117

I've seen this pseudo-random number generator for use in shaders referred to here and there around the web:

float rand(vec2 co){
  return fract(sin(dot(co.xy ,vec2(12.9898,78.233))) * 43758.5453);
}

It's variously called "canonical", or "a one-liner I found on the web somewhere".

What's the origin of this function? Are the constant values as arbitrary as they seem or is there some art to their selection? Is there any discussion of the merits of this function?

EDIT: The oldest reference to this function that I've come across is this archive from Feb '08, the original page now being gone from the web. But there's no more discussion of it there than anywhere else.

Grumdrig
  • 16,588
  • 14
  • 58
  • 69
  • It's a noise function, used to create procedurally generated terrain. similar to something like this https://en.wikipedia.org/wiki/Perlin_noise – Shai UI Feb 16 '19 at 22:57
  • 1
    Well, the above function is not similar to Perlin noise. Plus, Perlin noise is *based* on RNG's, since the gradients at the integer positions have to be generated randomly. – Gab Jun 10 '21 at 15:19

5 Answers5

49

Very interesting question!

I am trying to figure this out while typing the answer :) First an easy way to play with it: http://www.wolframalpha.com/input/?i=plot%28+mod%28+sin%28x*12.9898+%2B+y*78.233%29+*+43758.5453%2C1%29x%3D0..2%2C+y%3D0..2%29

Then let's think about what we are trying to do here: For two input coordinates x,y we return a "random number". Now this is not a random number though. It's the same every time we input the same x,y. It's a hash function!

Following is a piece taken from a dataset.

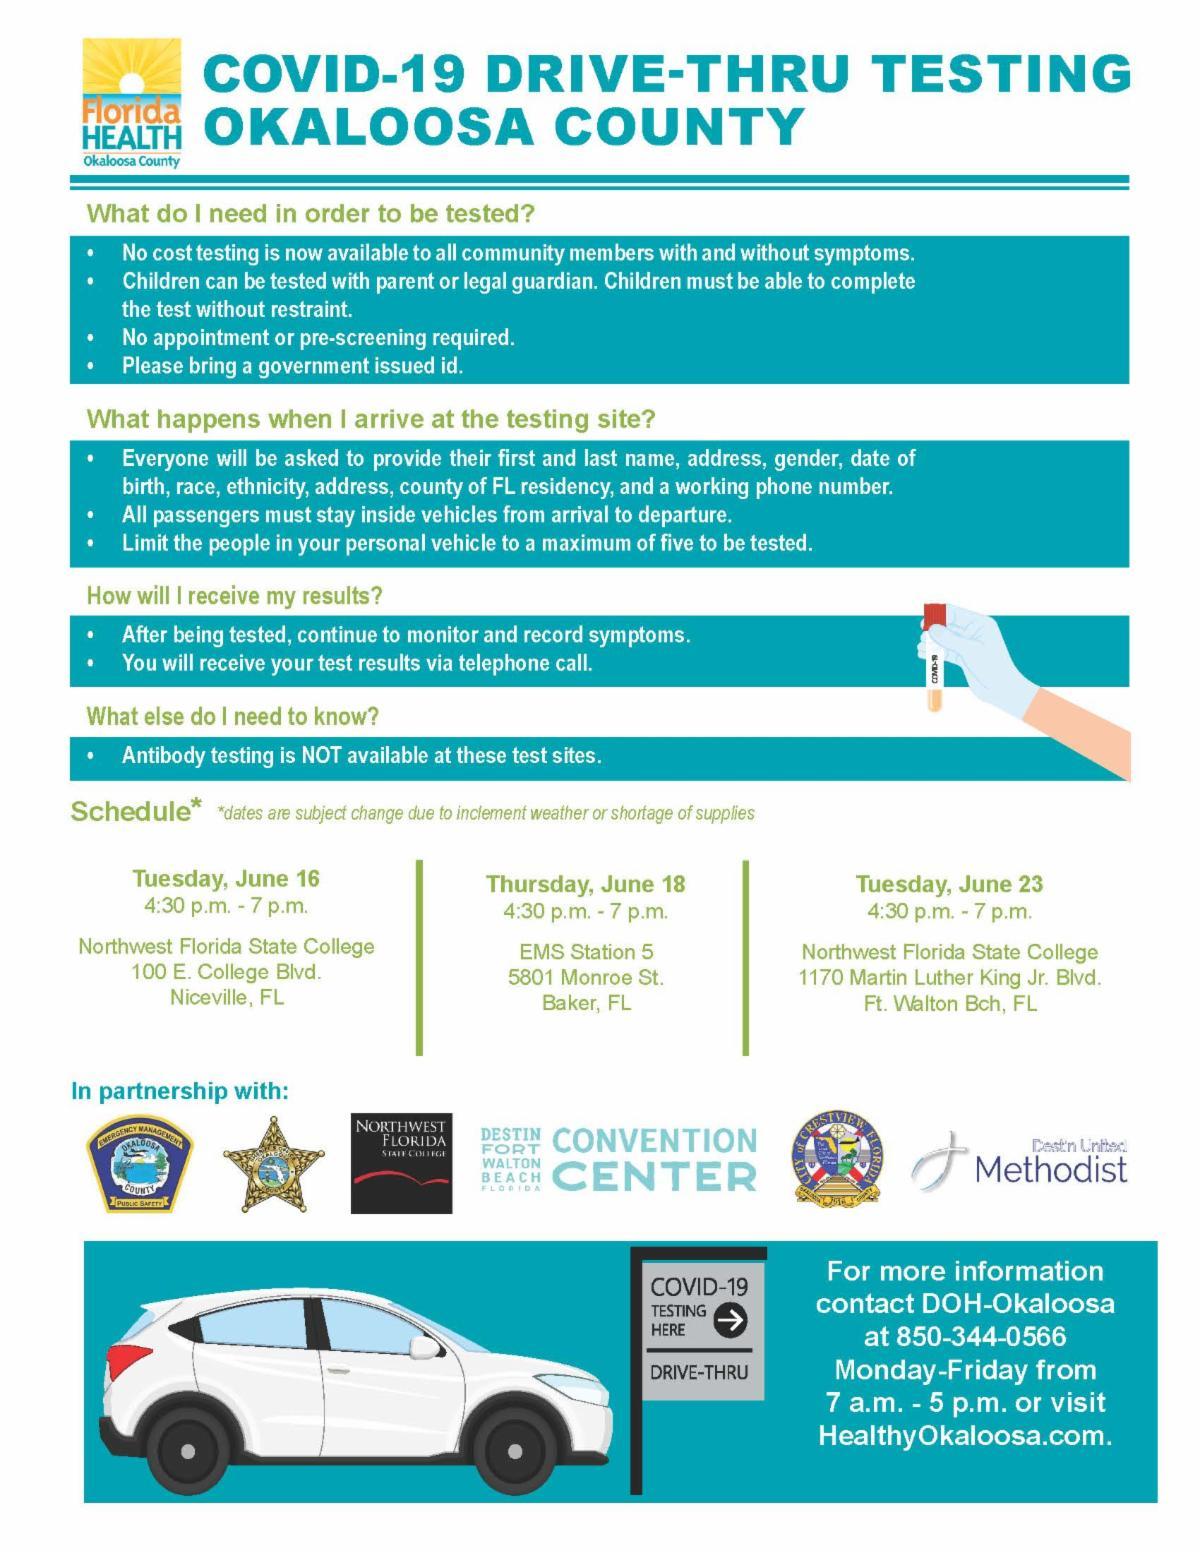 Okaloosa Drive-Thru COVID-19 Testing June 2020

The first thing the function does is to go from 2d to 1d. That is not interesting in itself, but the numbers are chosen so they do not repeat typically. Also we have a floating point addition there. There will be a few more bits from y or x, but the numbers might just be chosen right so it does a mix.

Then we sample a black box sin() function. This will depend a lot on the implementation!

Lastly it amplifies the error in the sin() implementation by multiplying and taking the fraction.

I don't think this is a good hash function in the general case. The sin() is a black box, on the GPU, numerically. It should be possible to construct a much better one by taking almost any hash function and converting it. The hard part is to turn the typical integer operation used in cpu hashing into float (half or 32bit) or fixed point operations, but it should be possible.

Again, the real problem with this as a hash function is that sin() is a black box.

Grumdrig
  • 16,588
  • 14
  • 58
  • 69
starmole
  • 4,974
  • 1
  • 28
  • 48
  • 1
    This doesn't answer the question about the origin, but I don't think it's really answerable. I'll accept this answer because of the illustrative graph. – Grumdrig Oct 30 '14 at 17:23
  • by black box, do you mean we don't know it yields consistent results? like a different gpu or maybe a driver could change the outcome? – toraman Dec 28 '21 at 10:57
  • 1
    @toraman a 'black box' is a process whose internal operations are inscrutable. While every other operation in the equation can be worked out independently, finding the sine value depends on the GPUs implementation, so the results are unpredictable (but will be consistent for any one implementation). – Barney May 09 '22 at 10:46
29

The origin is probably the paper: "On generating random numbers, with help of y= [(a+x)sin(bx)] mod 1", W.J.J. Rey, 22nd European Meeting of Statisticians and the 7th Vilnius Conference on Probability Theory and Mathematical Statistics, August 1998

EDIT: Since I can't find a copy of this paper and the "TestU01" reference may not be clear, here's the scheme as described in TestU01 in pseudo-C:

#define A1 ???
#define A2 ???
#define B1 pi*(sqrt(5.0)-1)/2
#define B2 ???

uint32_t n;   // position in the stream

double next() {
  double t = fract(A1     * sin(B1*n));
  double u = fract((A2+t) * sin(B2*t));
  n++;
  return u;
} 

where the only recommended constant value is the B1.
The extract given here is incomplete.